For the formation of a movement it took another century until the Chicago Congress on Africa in 1893 where Africans as well as people of African descent but also some white Americans and Europeans gathered. It was commented by the Chicago Newspaper Advance as “unquestionably one of the most notable convocations of recent years in any country” (Ibid.: 40). More commonly known as the beginning of the Pan-African Movement is the Pan-African Congress in Westminster in 1900, where W.E.B Du Bois played a leading role and appealed in his speech to the “nations of the world” to respect the integrity and independence of the already independent “Negro States”, and called for the “black subjects of all nations to take courage, strive ceaselessly and fight bravely, that they may prove to the world their incontestable right to be counted among the great brotherhood of mankind.” The overall message was the call for the establishment of an African identity and solidarity, the return of African people all over the world to their home continent, solidarity with and within Africa, the end of colonialism and the independence of all of Africa. It was directed at all people of African descent, as well as all nations to respect their equality, which was as relevant in the metropoles as in the colonies. This notion of Pan-Africanism played a significant role for independence movements and fighters like Lumumba in shaping an African future. Pan-Africanism was hereby understood both as an act of unifying the countries of Africa politically and of creating a counterweight to the Western imperialists, as well as a feeling of cultural belonging and solidarity that extended to the African diaspora. The liberation of Africa from the colonial yoke and the fight for equality in the metropole by the Civil rights Movement went hand in hand.
As Cemil Aydin points out in his study of Pan-Nationalism, “the history of almost all nationalist movements, especially in the colonized world, was intertwined with a pan-nationalist discourse, vision, or project” (Aydin, 2013: 671). Pan-Africanism is such a pan-nationalism, a “‘politico-cultural movement seeking to enhance and promote the solidarity of peoples bound together by common or kindred language, cultural similarities, the same historical traditions, and/or geographical proximity” (Ibid.: 674). However, for Pan-Africanism this definition only partly applies. Accounting for a common or kindred language or cultural similarities as a binding factor would be simplifying cultural differences. Historical traditions and geographical proximity however come closer in describing the connecting elements underlying the Pan-African movement, and mainly it was the shared experience of European colonialism and subjugation. Nevertheless, language also played a unifying role in a sense, as some of the Francophone countries of Africa kept closer bonds to each other than to the rest of the continent.

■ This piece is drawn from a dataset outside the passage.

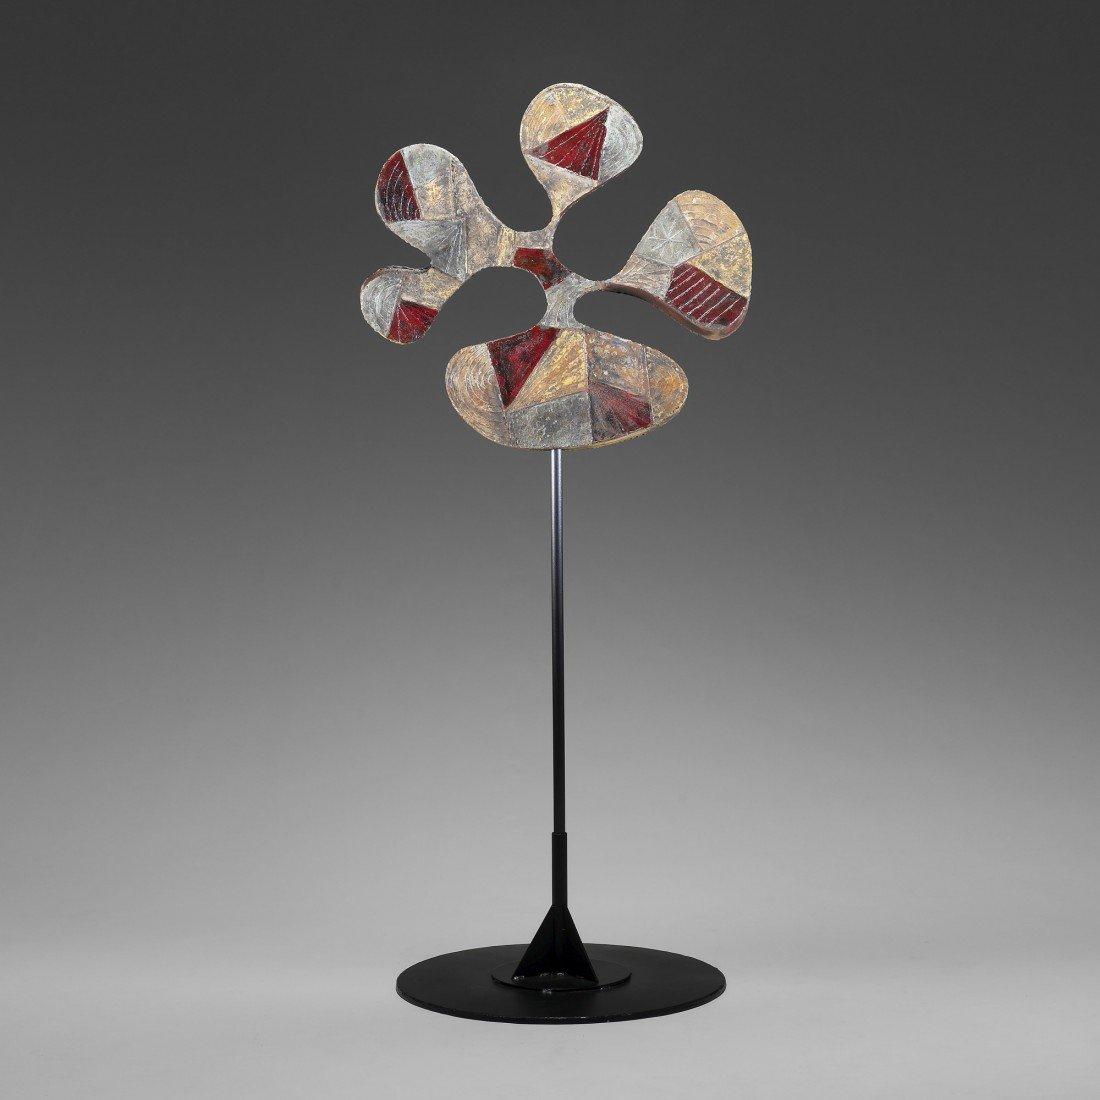 109: Paul Evans Polychromed sculpture

From the 1940s onwards, independence movements in the colonies increasingly included Pan-Africanism as part of their anti-colonial struggle. By then, the movement had undergone several ups and downs, had held various conferences and had formed and dissolved numerous associations. At the fifth Pan-African Congress in Manchester in 1945, “the leadership was handed from the diaspora community to the actual leaders of new nationalism on the African continent such as Kwame Nkrumah” (Aydin, 2013: 626). At the Manchester Congress for the first time the African participants constituted a large number and it marked a change in strategy of the Pan-African Movement. It moved its focus from being a predominantly intellectual movement to winning popular support and joining forces with the masses in the campaign for political emancipation (O.E., 1994: 145). While the Pan-African movement until then was mainly dominated and brought forward by intellectuals of the African diaspora, an increasing number of young, politically engaged Africans were ready to implement these ideas in their home continent and to be “hand[ed] over the Pan-African torch from the ‘Diaspora’ to the Africans” (Ibid.: 6).

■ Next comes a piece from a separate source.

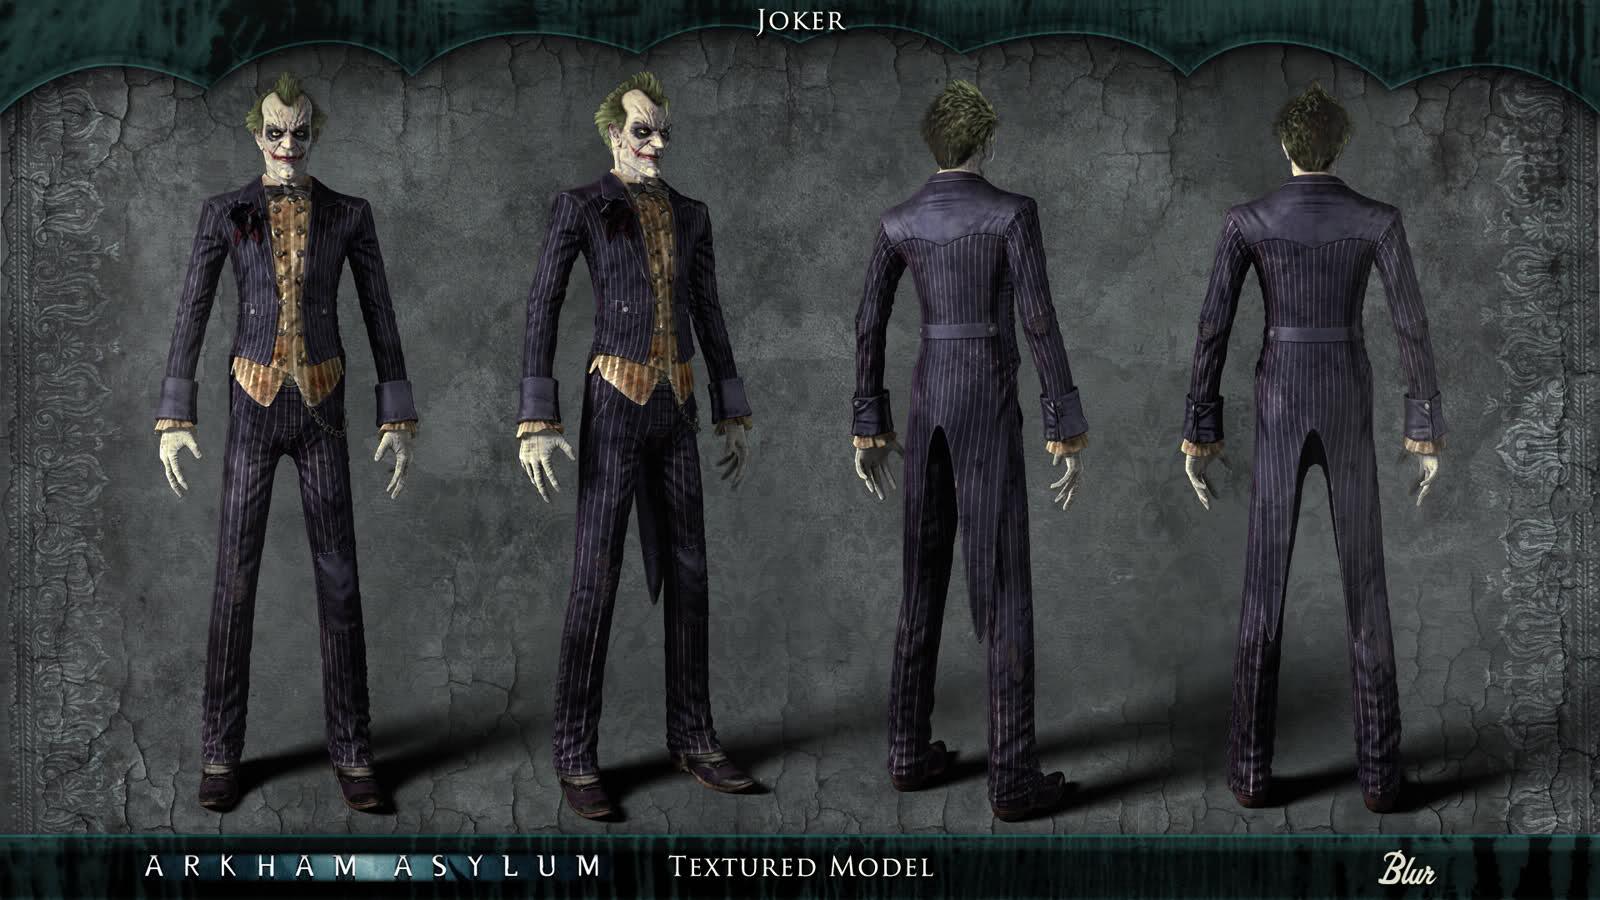 Джокер аркхем 7

Kwame Nkrumah was the leader of the independence movement in Ghana and first president after independence. He strongly supported the idea that nationalism and Pan-Africanism were inextricably linked and that the liberation and unification of the whole continent was just as important as the independence of his own nation. Ghana was one of the first African countries to declare independence from the British Empire in 1957. In his independence speech on 6th march in Accra, Nkrumah emphasised that Ghana’s “independence is meaningless unless it is linked up with the total liberation of Africa.” This shows his commitment to continue fighting for a free Africa and that his dedication didn’t end at the doorstep of his nation. This was grounded in the belief in African solidarity, but also in the realization that only if all of Africa was free, their own freedom could be maintained. As P. Olisanwuche Esedebe concludes, “the emancipation of Ghana served to pave the way for closer cooperation among African peoples. Between 1958 and 1963 African leaders began to meet at frequent intervals. Some of these meetings were conferences of states already independent. Others were nongovernmental gatherings of leaders of independence movements and trade unions” (O.E., 1994: 160). Pan-Africanism therefore was integral to many further anti-colonial struggles and decolonization processes.

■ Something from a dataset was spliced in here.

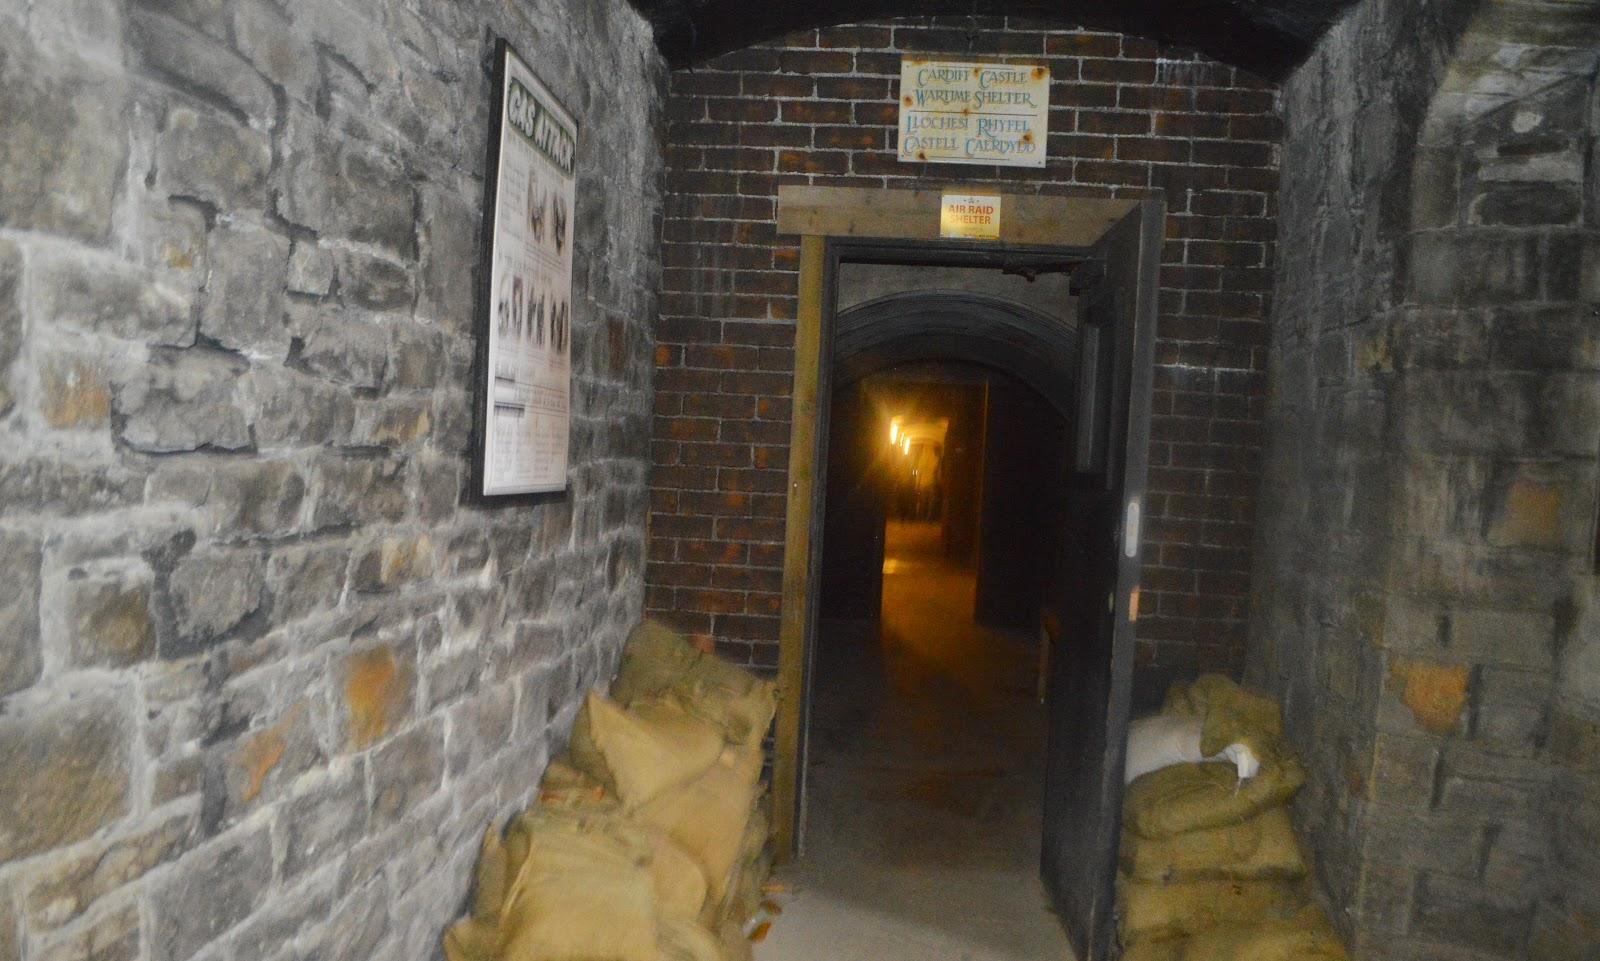 The War Shelter Tunnels Cardiff Castle Wales World War 2

It was in this optimistic moment of solidarity, in this “new chapter in the history of Africa, and the relations between Africa and Europe” (Legum quoted in O.E., 1994: 167), that Patrice Lumumba declared the Congo’s independence from Belgium on June 30, 1960. Two years earlier, in December 1958, he had participated in the All-African People’s Conference in Accra which was convened by Kwame Nkrumah and got heavily inspired by Pan-African ideas and their political implementation and believed “the Congo’s independence [was] a decisive step towards the liberation of the whole African continent” (Ibid.). At the conference, Lumumba stated in his speech:
This historical conference, which puts us in contact with experienced political figures from all the African countries and from all over the world, reveals one thing to us: despite the boundaries that separate us, despite our ethnic differences, we have the same awareness, the same soul plunged day and night in anguish, the same anxious desire to make this African continent a free and happy continent that has rid itself of unrest and of fear and of any sort of colonialist domination.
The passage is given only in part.